|
Graduate student gives seminar at NASA |
|
|
|
Emil Constantinescu, Ph.D. student at the Computer Science department at Virginia Tech, gave an invited seminar at NASA Goddard Space Flight Center’s Office of Global Modeling and Assimilation, on December 18, 2007. The seminar was entitled “Ensemble Kalman filter data assimilation for atmospheric chemistry and transport models.”
As Constantinescu explained, data assimilation is a process through which observations or measurements are incorporated into a computational simulation with the purpose of adjusting the results to better represent the reality. The typical example is found in weather forecasting; here long term predictions are unreliable due to the chaotic nature of the atmosphere. Real observations are needed to adjust the simulation variables in order to have a better representation of the atmosphere and thus improve the forecast skill.

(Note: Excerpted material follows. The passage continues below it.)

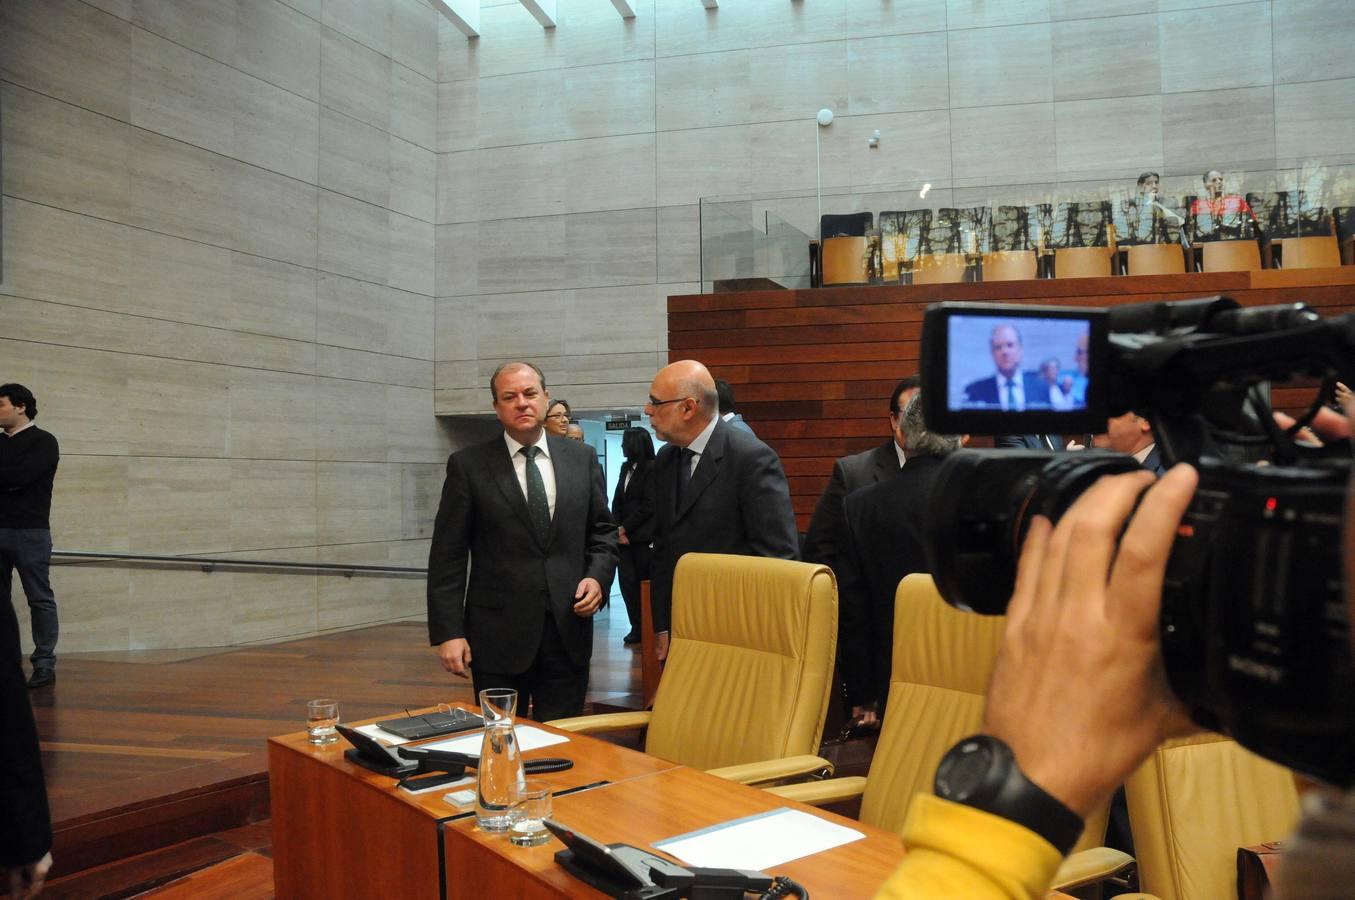 El pleno en la Asamblea, en imágenes

“My advisor, Dr. Adrian Sandu, and I have developed a data assimilation algorithm for the assimilation of observations in atmospheric chemistry simulations. These applications are central in air pollution models and are becoming a very important component in climate models. Our data assimilation techniques proved to be very effective in an operational-like real test case,” said Constantinescu.
“My visit to NASA was great a experience in many aspects. I had the opportunity to present a very important component of my research and interact with top scientists at NASA. I was also able to get a glimpse at the state-of-the-art projects that they are working on. Our hope is that the data assimilation techniques developed by our group at the Computational Science Laboratory may become a component used in operational models for climate simulations,” Constantinescu concluded.
Emil Constantinescu will graduate from Virginia Tech in May 2008. He received his B.S. and M.S. in Automatic Control and Computers from Politehnica University of Bucharest, Romania in 2001 and 2002, respectively. Constantinescu’s research interests include numerical methods for multiscale/multiphysics simulations, as well as uncertainty quantification and reduction for large-scale models. He has 7 journal publications, and has participated in over 10 conference events.